The characters I write aren't exceptional. They aren't heroes. They're ordinary people trying to stay in relation when relation has become almost impossible. They survive meetings that go nowhere, double shifts that hollow them out, shared apartments where privacy is a fiction, long text threads that substitute for intimacy, unspoken expectations that calcify into resentment. They survive the slow, unglamorous labour of figuring out what is owed and what can no longer be carried without breaking. This isn't apocalypse fiction. This isn't about the end of the world. This is about the middle of it. The long, disorienting middle where the old world is dead but the new one hasn't arrived, and we're all just trying to make it through Tuesday without losing ourselves or each other completely. That middle. That's where my people live.

01_ Pluralism as Practice

Pluralism, as I write it, isn't a principle. It's survival work. We do it unevenly because some of us have been doing it all our lives while others are just discovering it exists. Some of us learned young that the world required us to speak multiple languages, inhabit multiple selves, make ourselves legible to people who would never bother to understand us. Others are learning it now, late and badly, only because their comfort finally demands it. This isn't a fair experiment. It never was. It asks everything of those who have already given everything. It exposes the old hierarchies even as it pretends to dismantle them. And still, despite this, we keep trying. That is what interests me. Not the theory. The trying. Apart. Together.

02_ Shifting Ground

I pay attention to the costs. Who absorbs them. Who gets to opt out. Who is expected to be flexible, generous, legible while others are permitted to remain fixed, stingy, inscrutable. The math has never been equal. It was designed not to be.
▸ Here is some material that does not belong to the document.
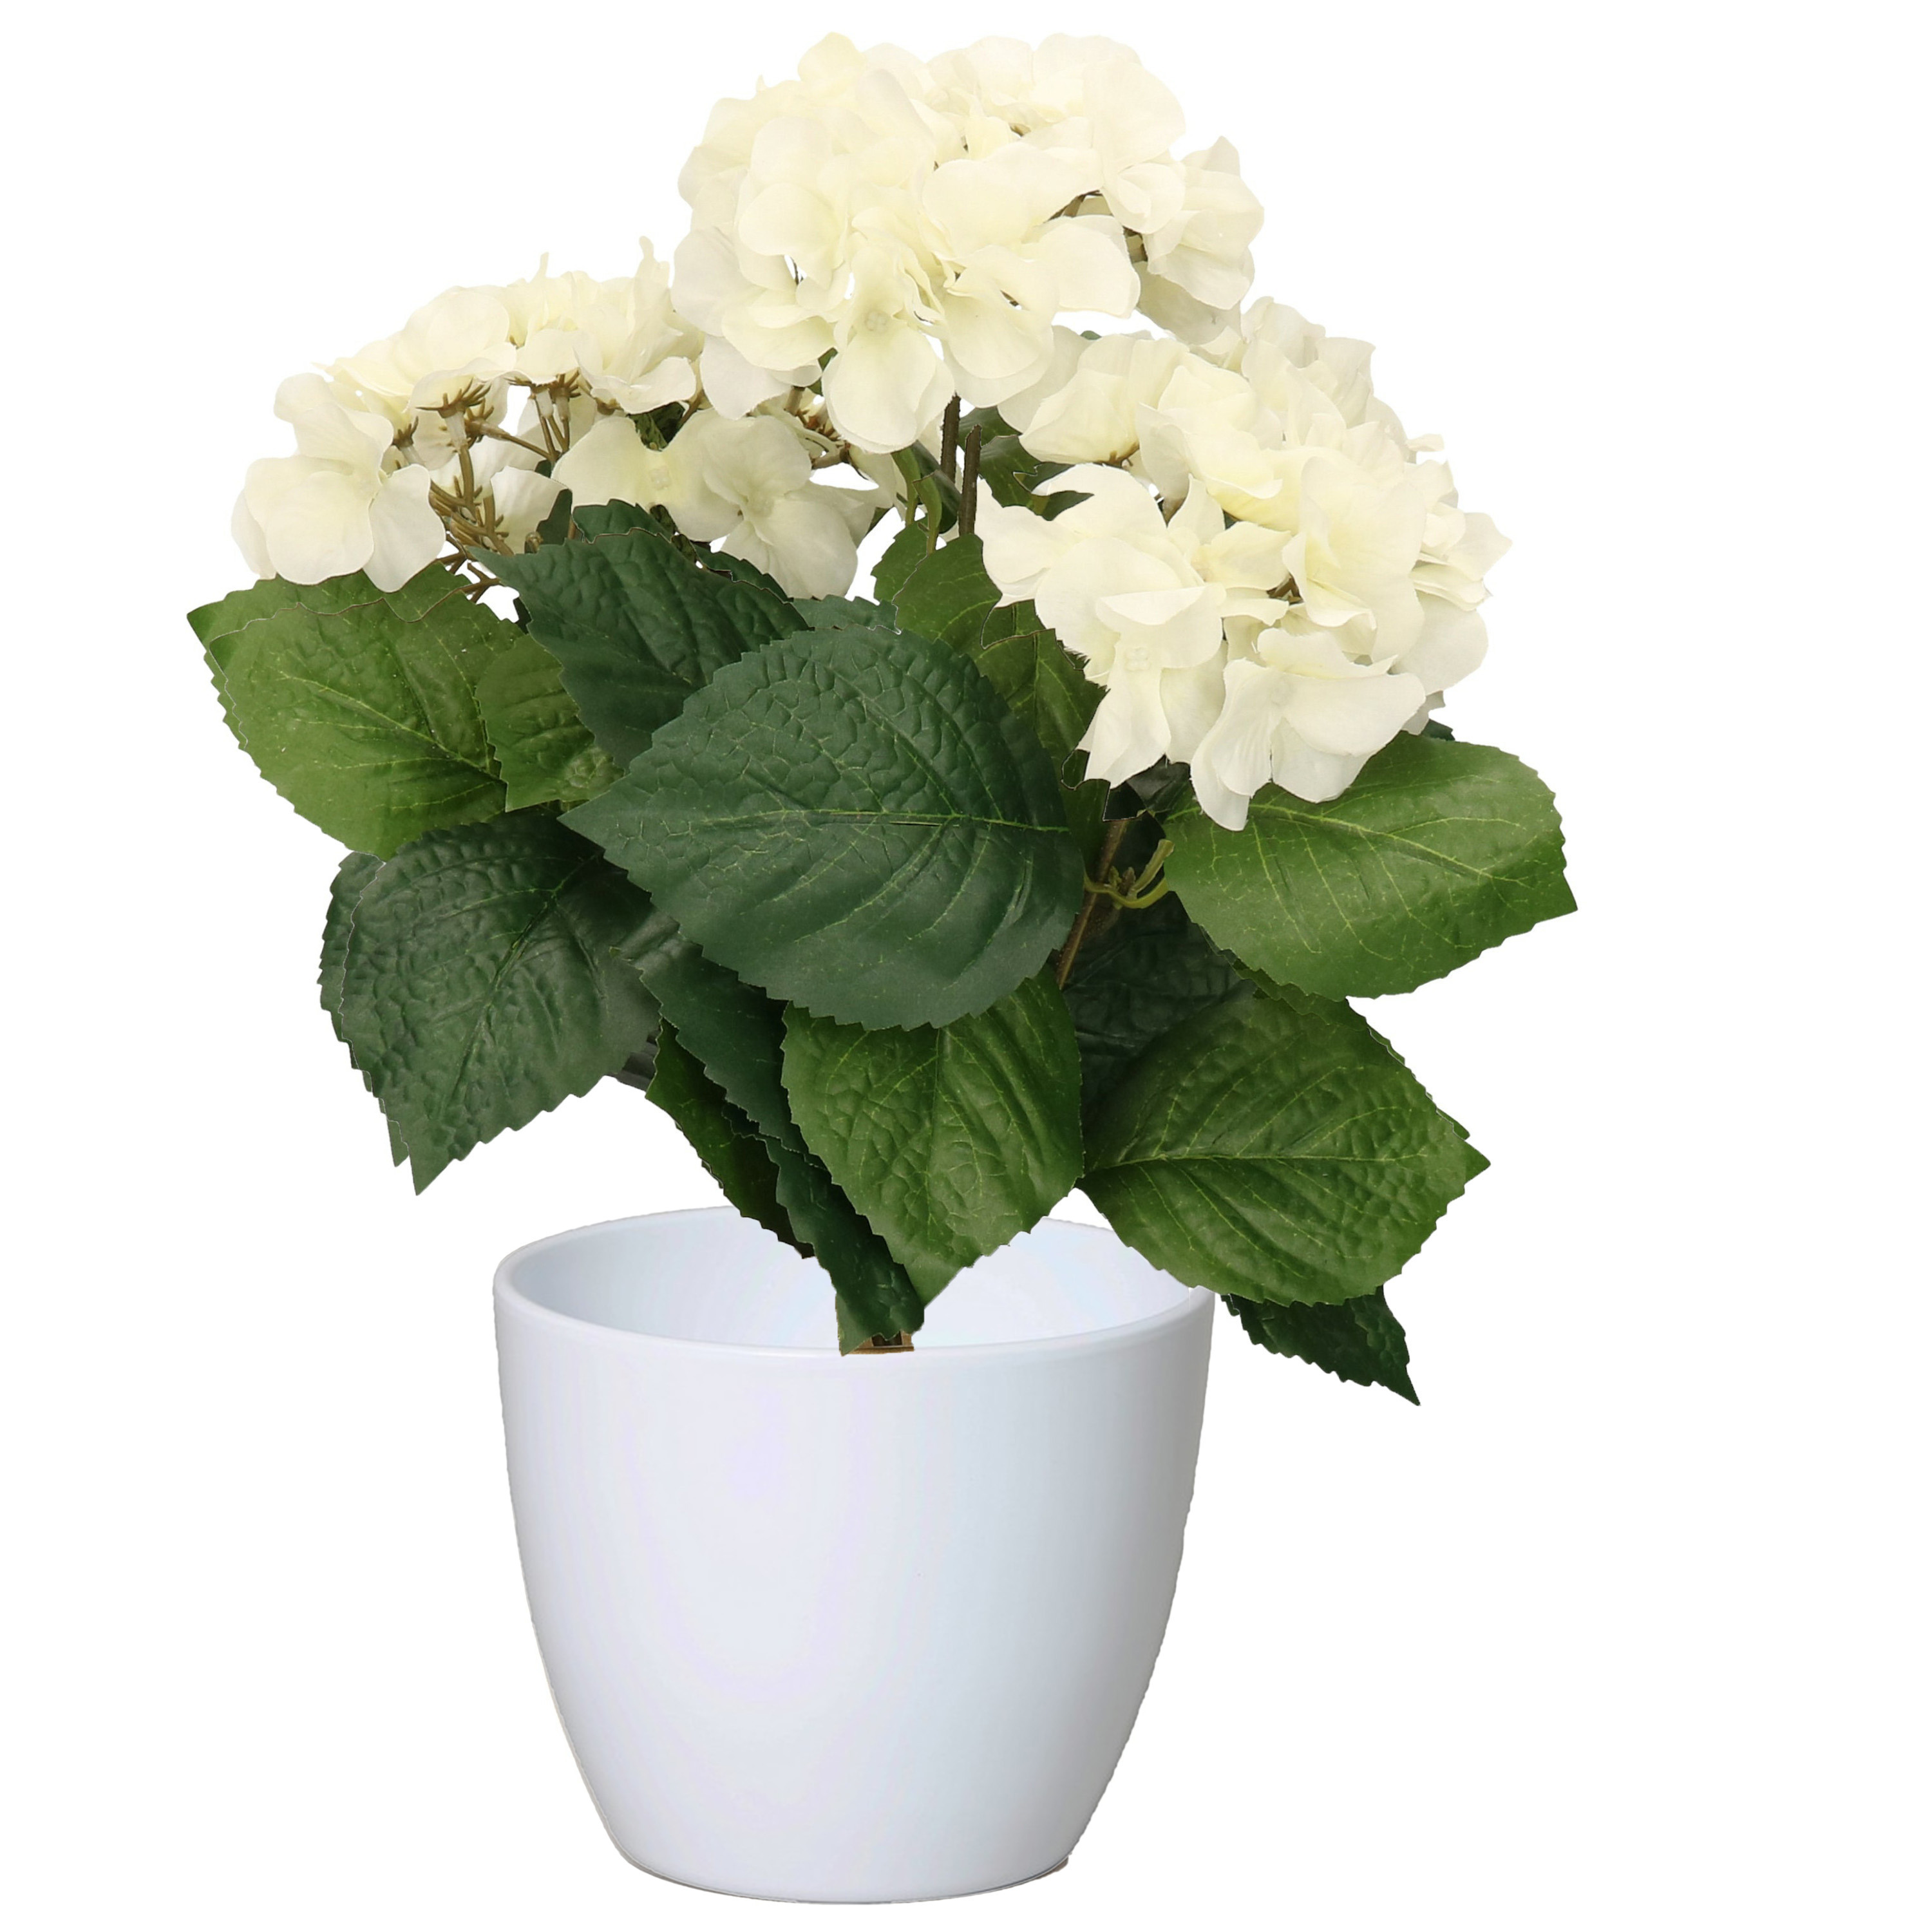 Hortensia kunstplant met bloemen wit in pot wit 40 cm hoog
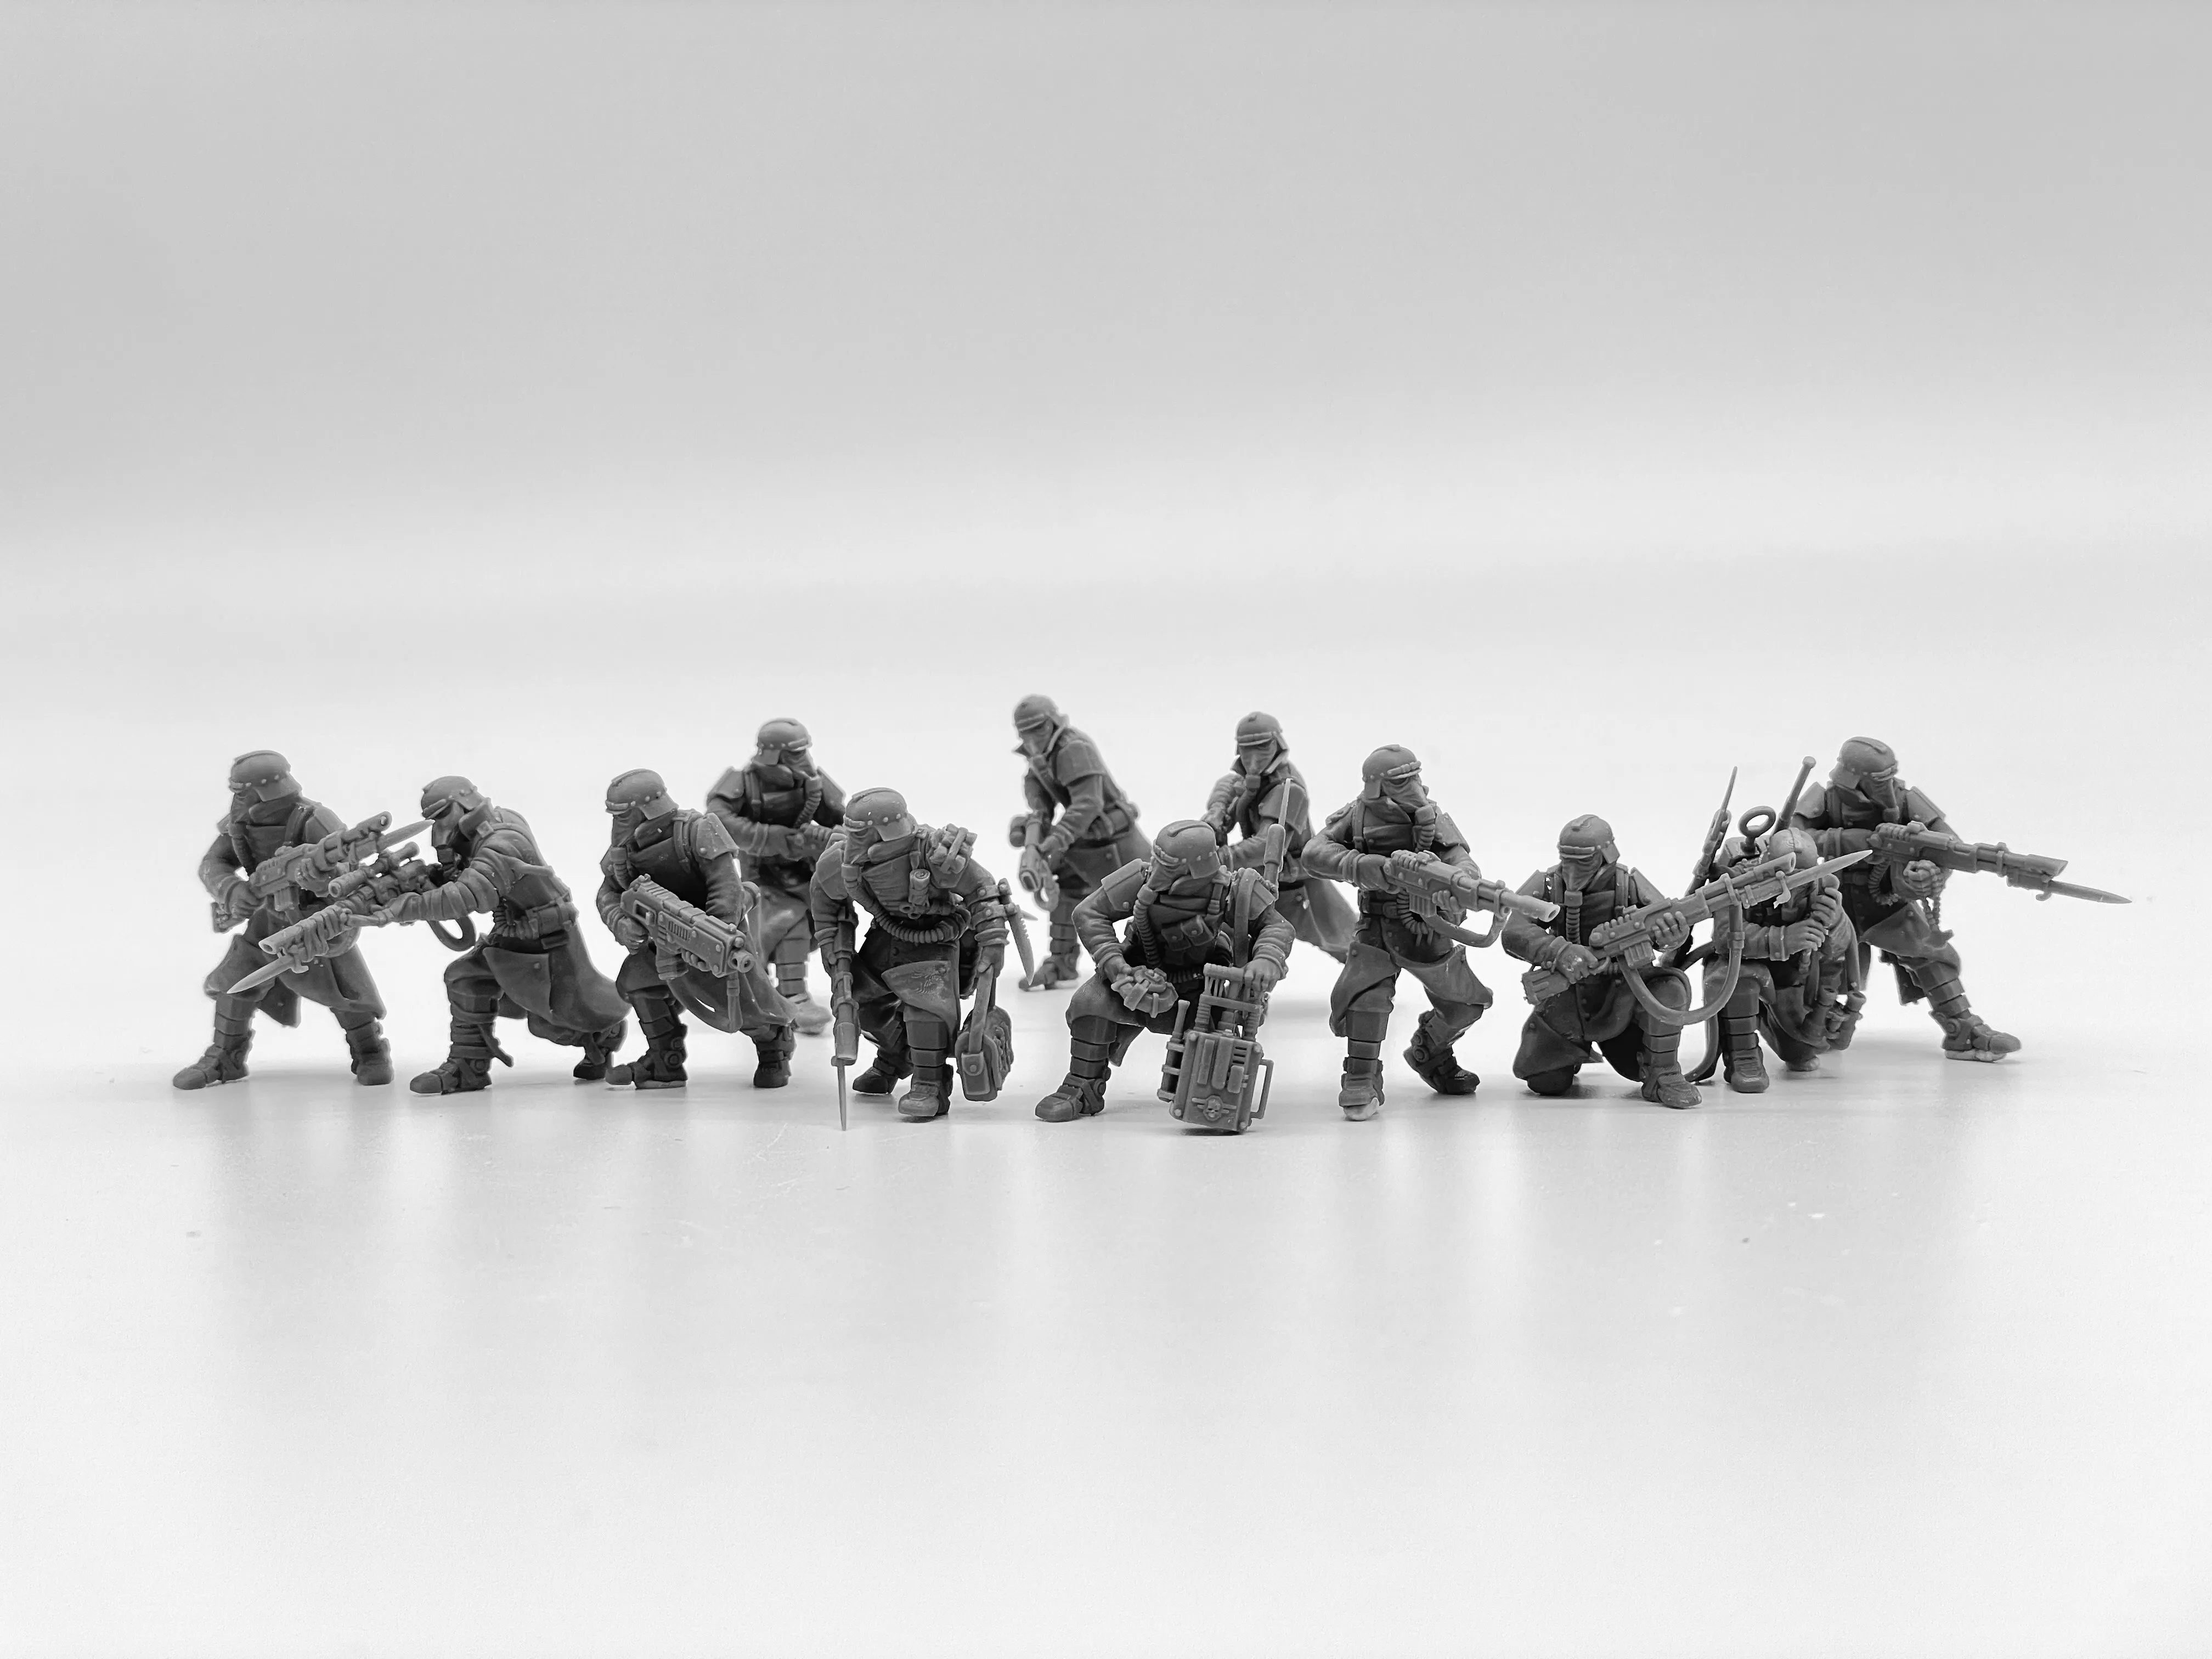 제국 포스 데스 디비전 킬 수지 모델 키트 미니어처 전쟁 게임되지 않은 군인 그림 28mm 규모의 탁상용 게임

But cost isn't where I stop because cost alone doesn't explain why we keep trying. What holds my attention is what we keep attempting together despite knowing the terms are rigged. The quiet negotiations that shouldn't have to happen. The fragile agreements we build knowing they could shatter. The moments when shared life almost works, and the moments when it fails, and the fact that we return to it anyway. That stubborn, foolish, necessary return. That is what I'm watching. Not whether it's fair. Whether we can bear to keep building it anyway.

03_ Briefly, Imperfectly

I don't write to offer reassurance. I can't afford to, and neither can you. I write to stay with what is happening long enough to see it clearly, to refuse the comfort of looking away. To notice the ways we're building something in real time without knowing whether it'll hold, what it'll cost us, or whether we'll recognize ourselves when it's done. This isn't neutral observation. This is the work of witness when the ground is moving and most people would rather pretend it's solid. I'm trying to see what we're doing to each other and for each other before we have decided what story to tell about it. Before we've made it clean.